Intending the Selfsame Object

An object (not just a "temporal" object, but object) is something that remains self-identical over time. How do we come to intend such an identity?

One way Husserl approaches this issue is to ask the Heraclitian question, "What is constant in the flux of time?"

In his description of consciousness, he finds at least four constancies:

Descriptively, I experience this note as a note of this melody. Husserl calls this OBJECTIFICATION, that is, the process of attributing the notes to the object (melody) of which they are apearances. Each partial experience is given as part of the perception of the whole, i.e., as an appearance of the whole (NOT as a representative). WHAT I perceive is an enduring entity, not an instant, it is structured. The flux builds up a unity of "what is meant;" it integrates "THAT WHICH IS PRESENT."

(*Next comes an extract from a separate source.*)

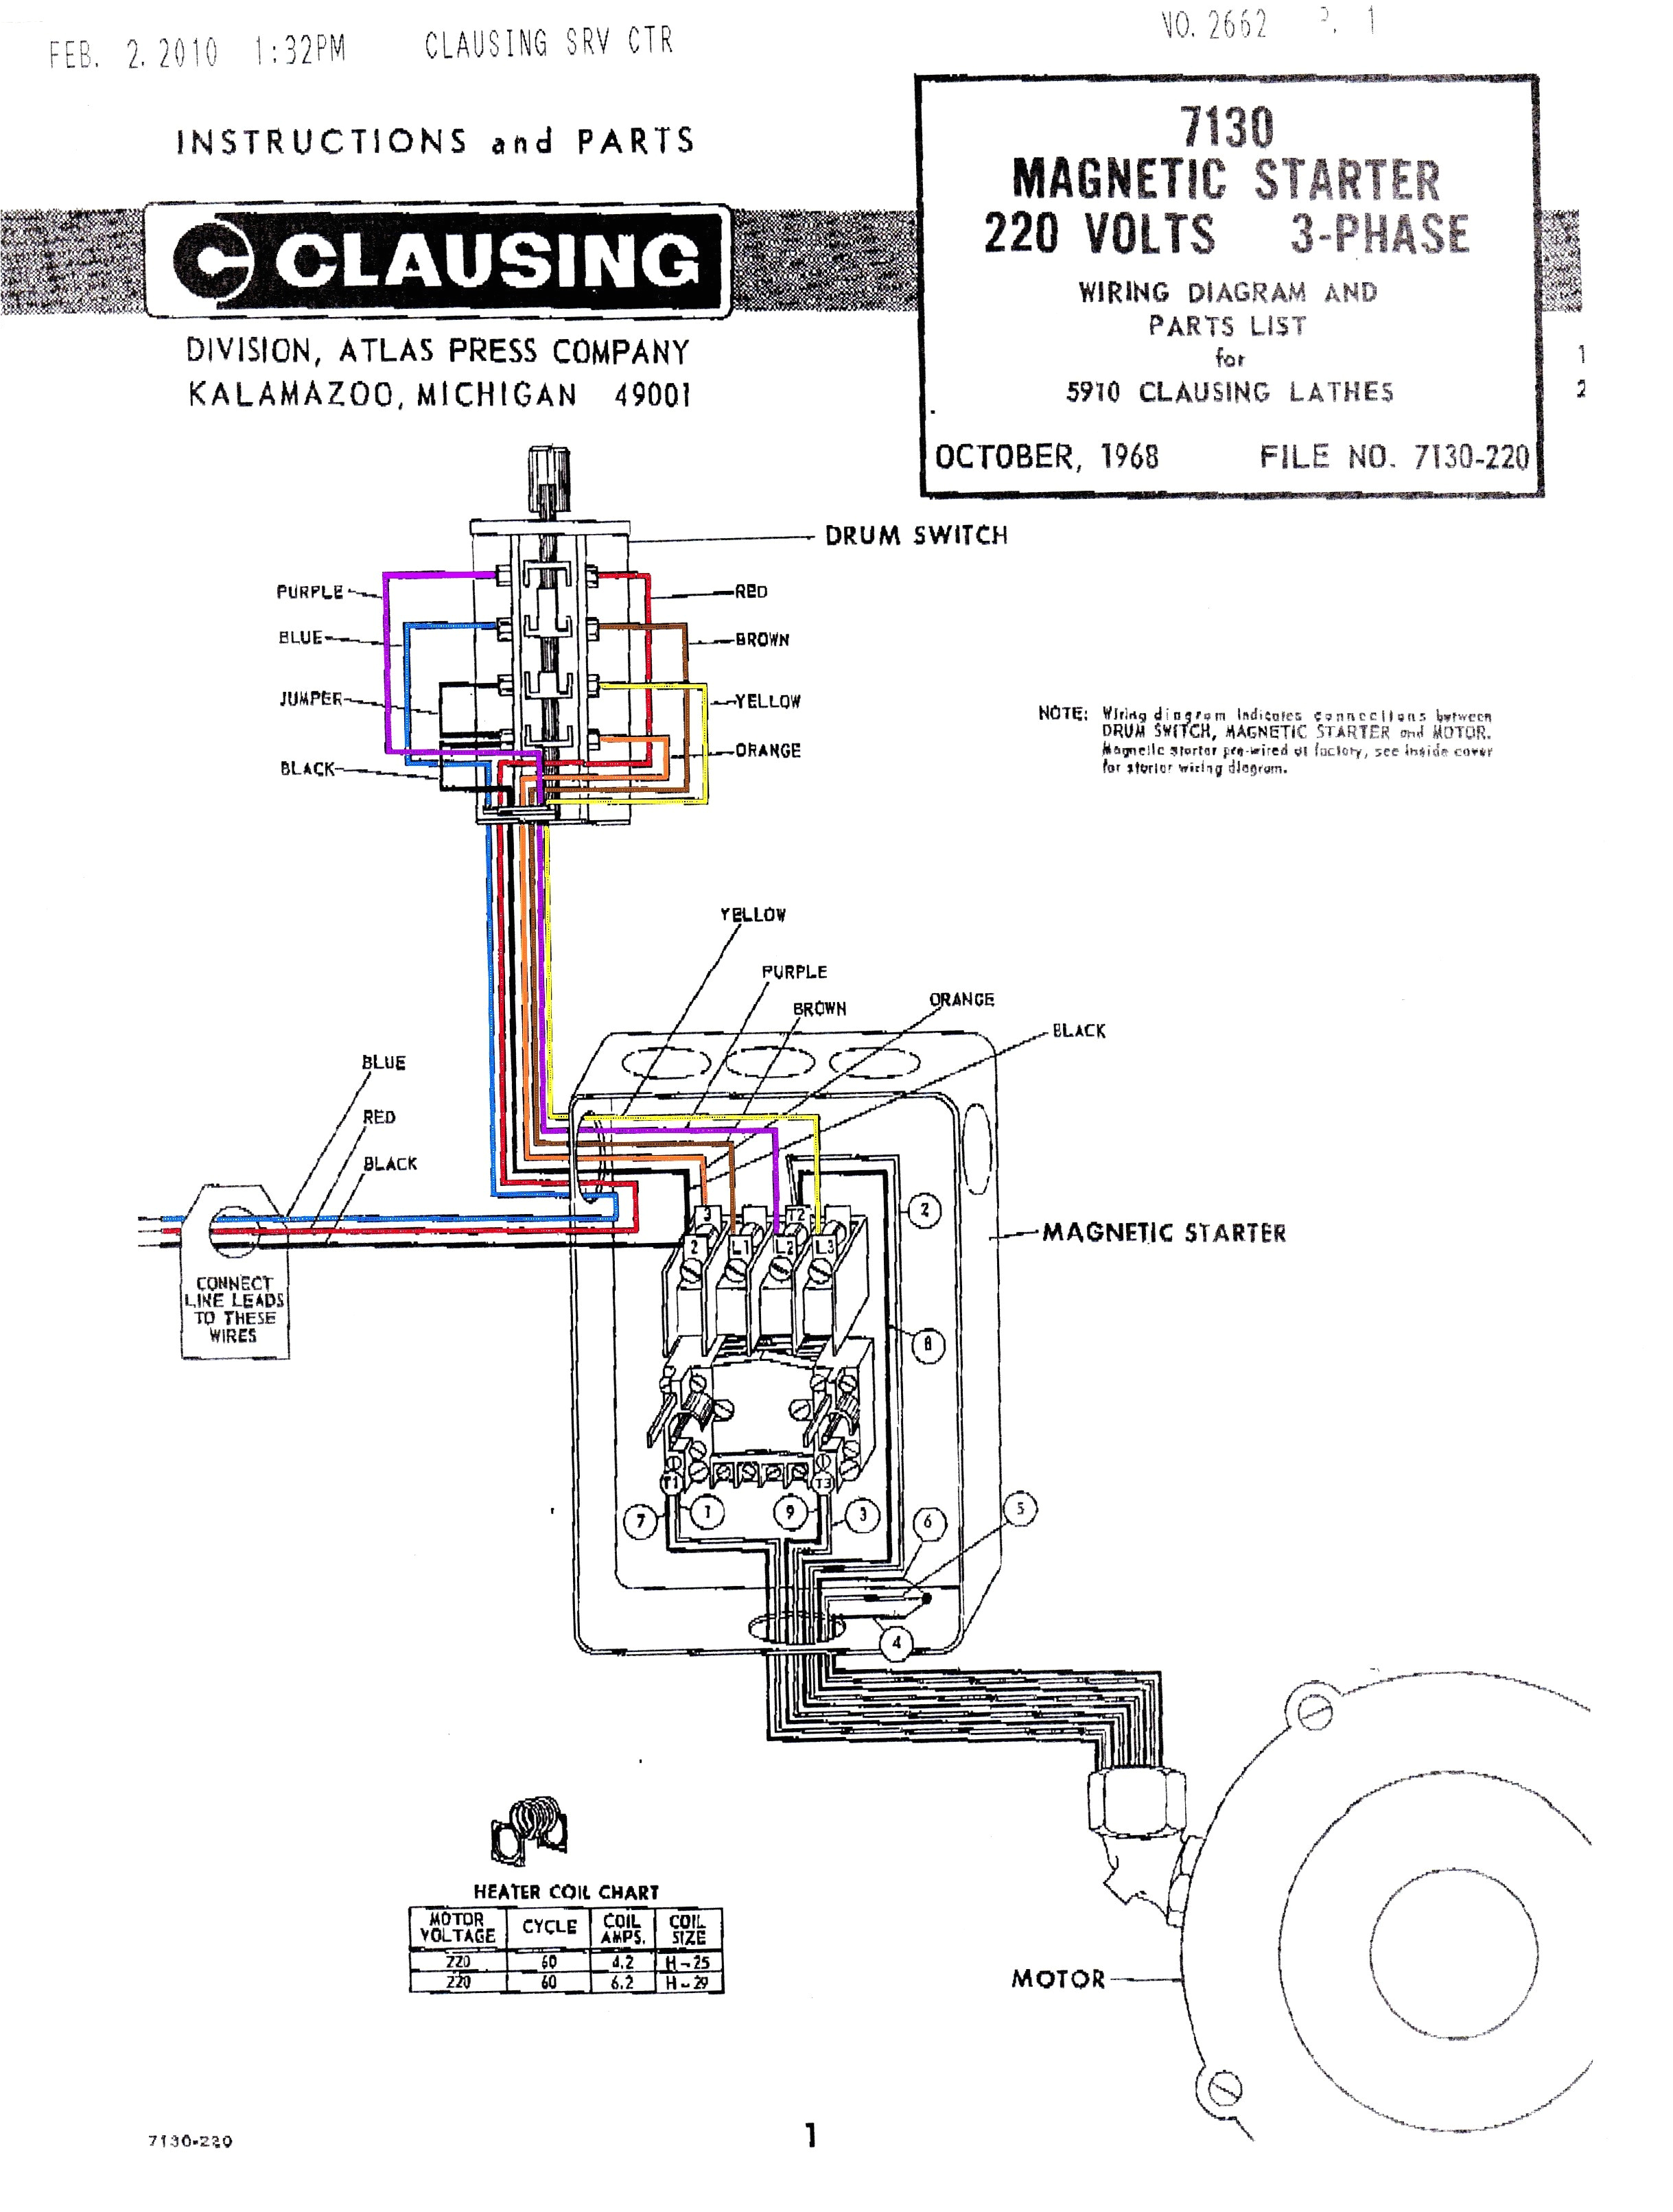 dry motor wiring diagram wiring diagram show dry motor wiring diagram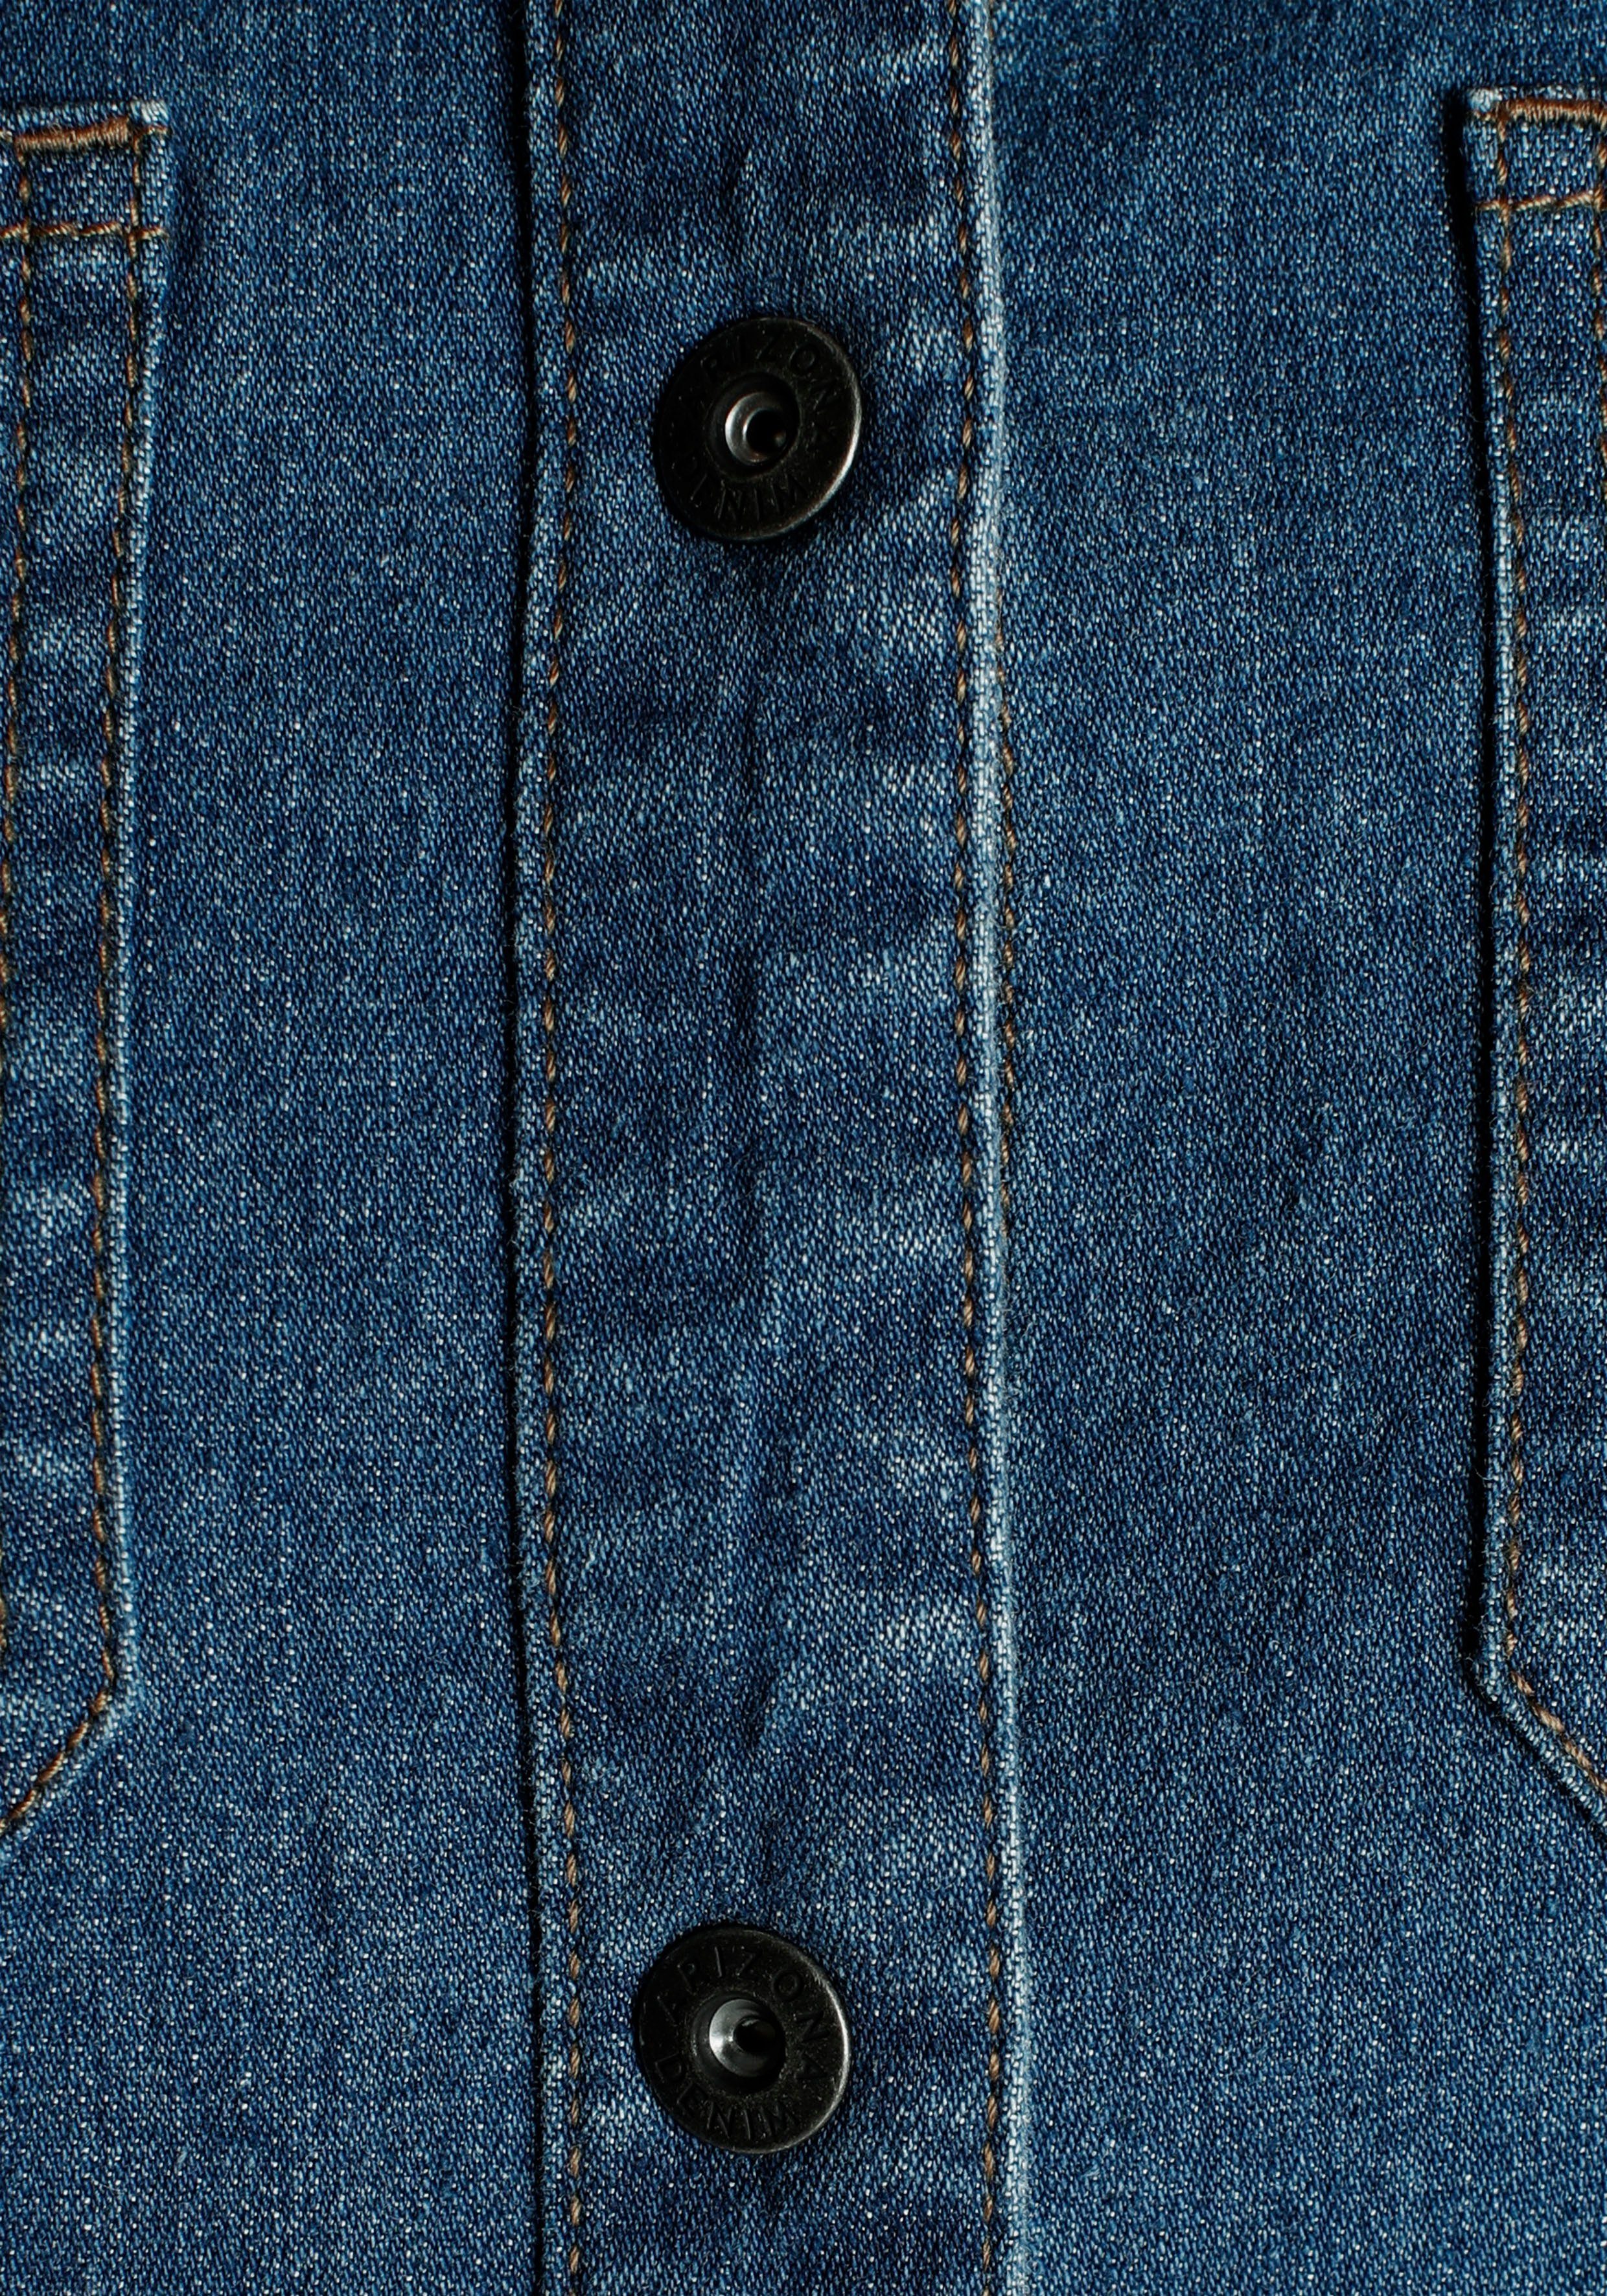 Arizona Jeansjacke Shacket dark Hemdjacke geschnitten - Denim blue Weiter used

The capacity of consciousness to attribute momentary phases of the temporal flux to an enduring, self-identical object, is INTENTIONALITY.

In Husserl's own words,

"The thing is constituted in the flowing-off of its appearances, which are themselves constituted as immanent unities in the flux of primordial impressions and necessarily constituted one with the other. The appearing thing is constituted because unities of sensation and homogeneous apprehensions are constituted in the primordial flux; therefore there is always consciousness of something, exhibition [Darstellung] more precisely, presentations of something and, in the continuing succession, exhibition of the same." (Internal Time Consciousness, p.120.)